縦に伸びた隊列をしたスタンピード第五波。そしてその最後尾に追いついたスタンピード第六波。総勢、約三十万。
これを一網打尽なんて不可能に思える。
しかし、オレには強力なジョブの力がある。うまくやれば出来ないことは無い。
「『巨壁結界』」
最後の誘導を行う。幸いにも後方の第六波は第五波に追随する形で侵攻しているため、第五波の進路を変更さえ出来れば第六波もそれに続いてくれる。
第五波は散々壁に誘導されているので面白いように素直に進路を変える。
目指すはシハ王国、東にある湖“休景の龍湖”。
その昔、水龍が作ったと逸話のある巨大な湖だったが、今はほとんど水が残っていない。
ここにスタンピードを誘導した。
この“休景の龍湖”は面白い地形をしている。
まず、深い。水龍が作った寝床と言うだけあって深いところでは平地から三百メートル以上の深さがある。
そして上から見ると北へ向いた水滴型をしていて北側は細く、南側は丸みを帯びている。
水龍は細い北側から湖に入り、丸い南側の中心地で寝ていたとされており、南の中心地に近づくほど水深は深かった。
水の引いた湖では、北側は河川の入口なだけあって浅く、南に行くほど緩やかな坂が現れている。
そこをオレの工事によって谷底の道のように改造した。
谷の斜面は切り立っている上につるつると滑りやすく上れない。
つまり“休景の龍湖”に入ったら道沿いに進む以外脱出できない作りになっているのだ。
スタンピード第五波はオレの誘導により北側から“休景の龍湖”へ入っていった。
そこが冥土の入口とも知らずに。
広範囲に広がった第六波を湖に押し込むのは少し大変だった。
『流星気槍楯』を湖に打ち込んでスタンピードをある程度被害を与え簡易的な餌場を作って、なんとか全てのスタンピードを湖に誘導することが出来た。オレの存在がバレて第六波がこっちに来そうになったときは焦ったよ。
だが、作戦は無事成功。
スタンピード三十万は、オレの力ずくの誘導により、その全てが“休景の龍湖”へ入っていった。

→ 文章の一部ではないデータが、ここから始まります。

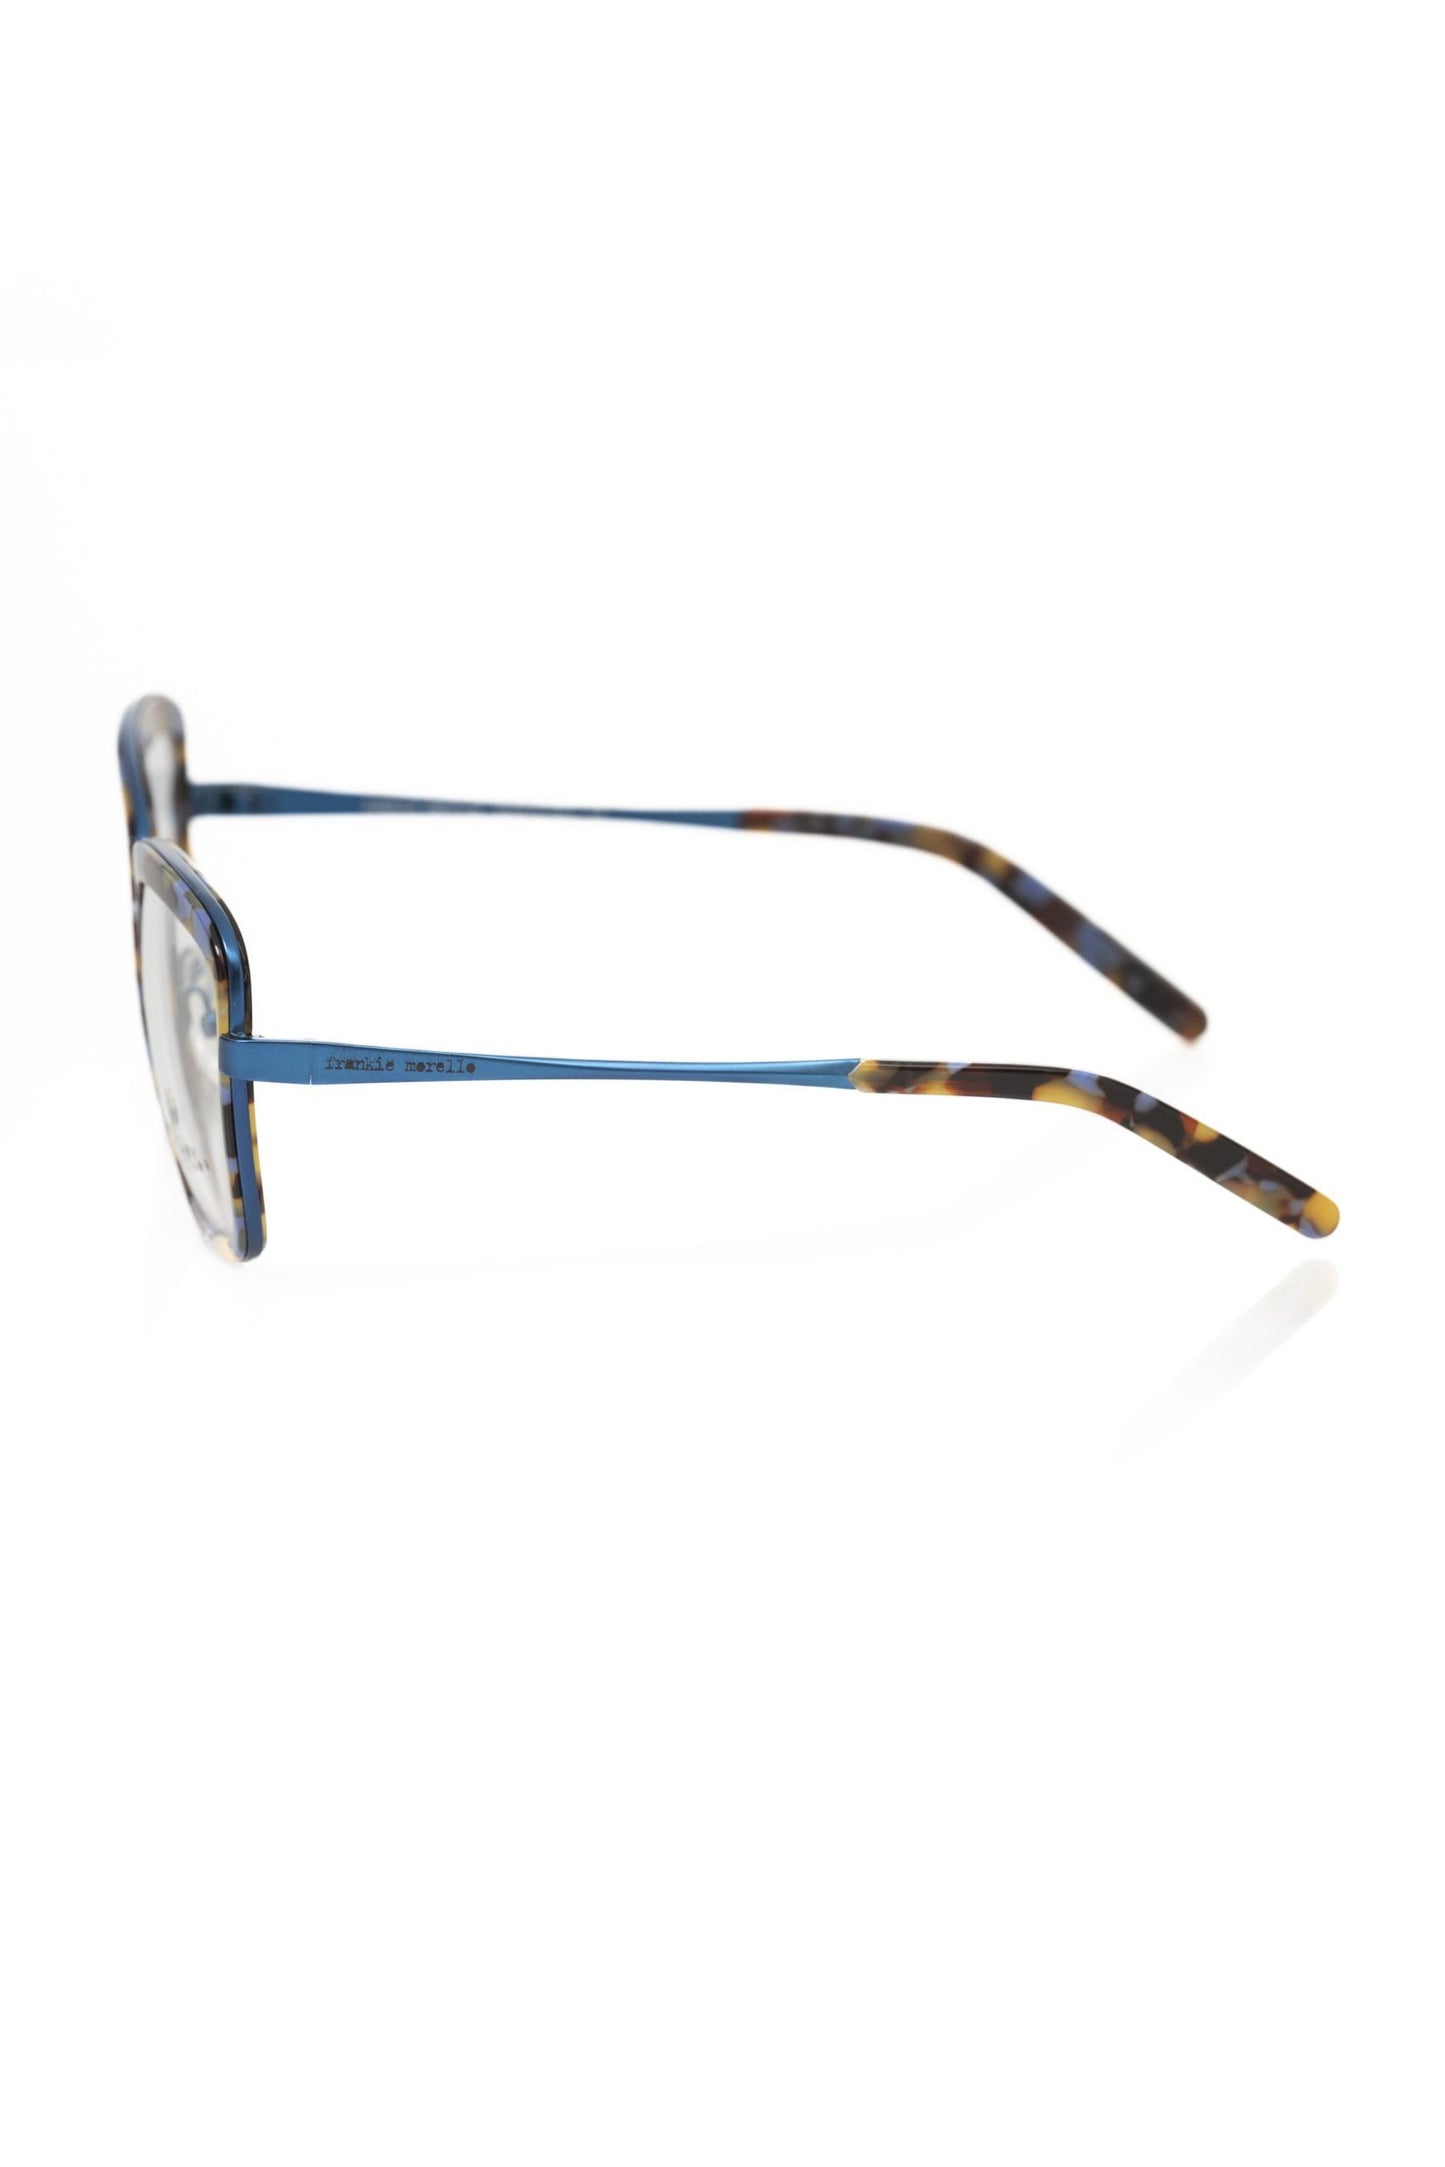 Frankie Morello FRMO-22104 Blue Metallic Fibre Frames - Designed by Frankie Morello Available to Buy at a Discounted Price on Moon Behind The Hill Online Designer Discount Store

そしてスタンピードがある程度湖に入ったところで罠を発動させる。
ここからが勝負だ。
「『高速空間解放理術』! 『土形成』! 『大鉄砲水』!」
北の入口に陣取ったオレの周りに現れる六個の魔方陣から、大量の水が流れ出る。
『土形成』で壁を崩すとそこから大量の水が溢れてきた。
さらに【水魔法士】第十一の魔法『大鉄砲水』が合わさって濁流を生み、魔物たちを飲み込んで押し流す。
―――GAAAAAAAAAAAA!!!
―――DYAAAAAAAAAAA!!!
―――GYOOOOOOOOO!!!
『高速空間解放理術』は『空間収納理術』で収納した物を六個の魔方陣から高速で吐き出す理術だ。残念ながら武器を方向性を持たせて射出するなんてロマン砲は出来なかったが、溜め込んでいる雨水を勢いよく吐き出す事は出来た。

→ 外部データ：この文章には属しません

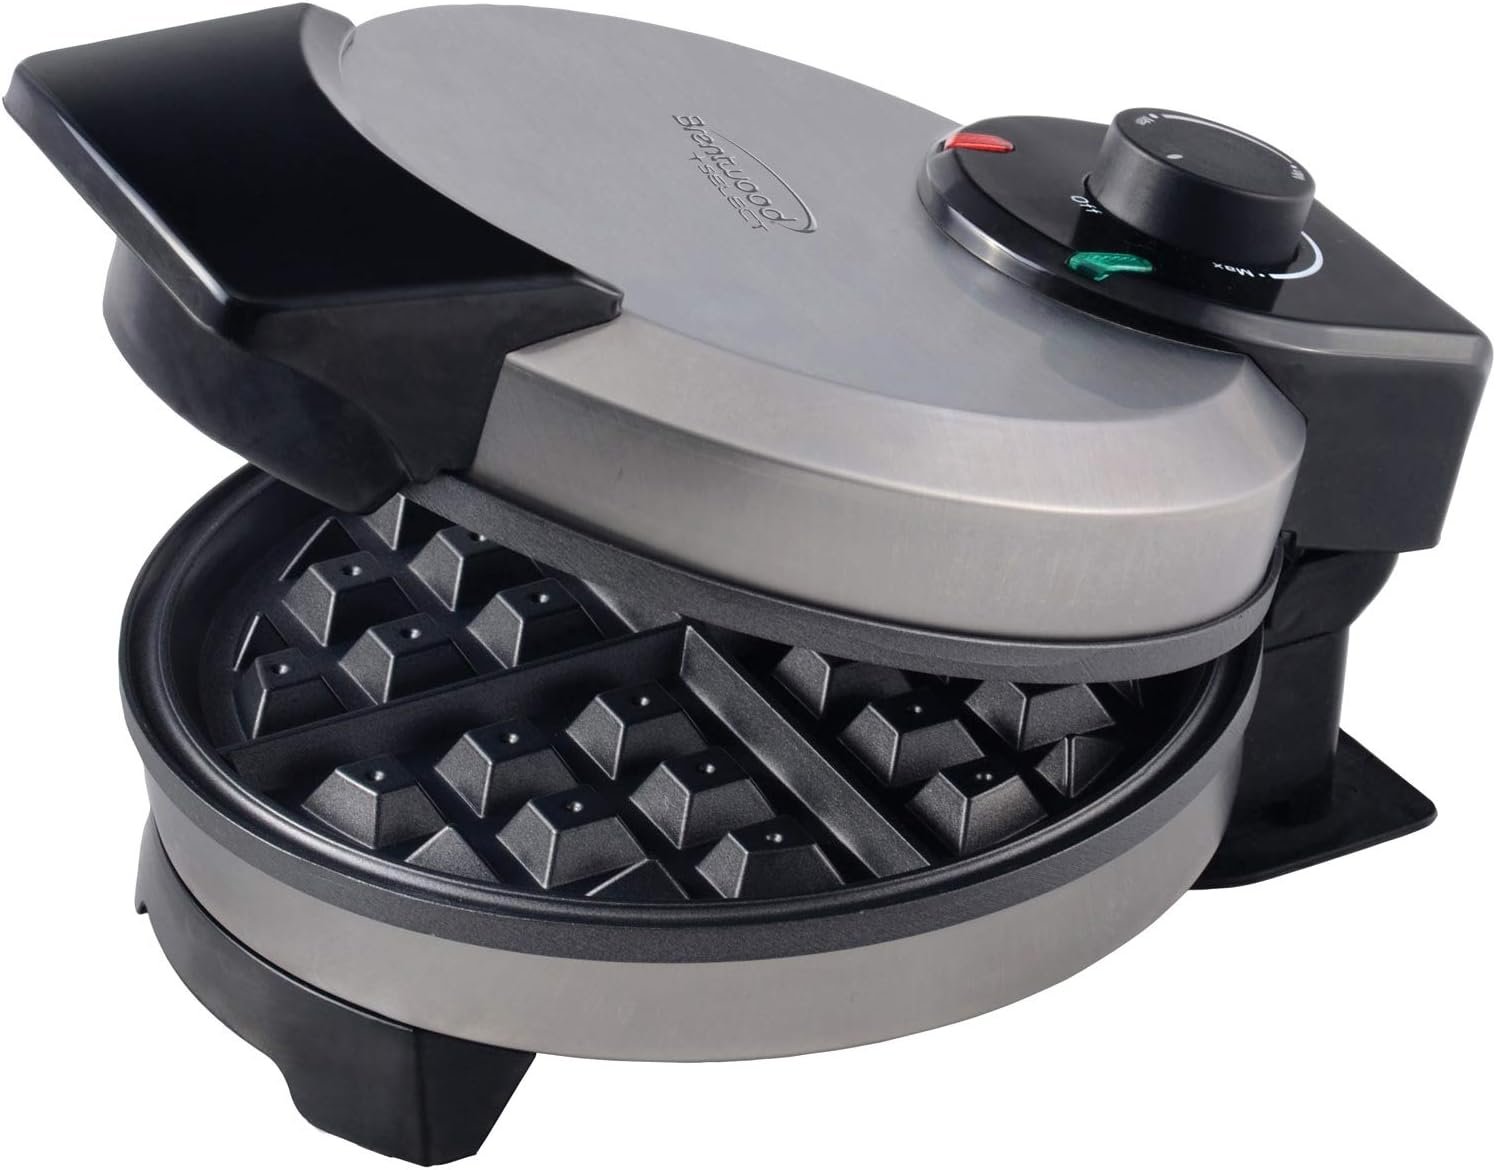 Brentwood Waffle Maker Review

『土形成』で崩したところからも同じく雨水を溜め込んでいた地下水が勢いよく流れ落ちる。
全ては作戦を思いついた日、土砂降りの雨を見て思いついた。水攻め作戦だ。
あの日遅くまで大量の溜め池を作って土砂降りの雨水を溜め、それを『空間収納理術』に収納して今回の作戦に利用したのだ。
さすがに湖を満たすことはできないが、魔物を溺れさせるくらいの水深があれば良い。
勢いよく坂を下っていく鉄砲水が道に居た魔物をどんどん押し流し、湖の中心地に向かっていった。
鉄砲水作戦は成功だ!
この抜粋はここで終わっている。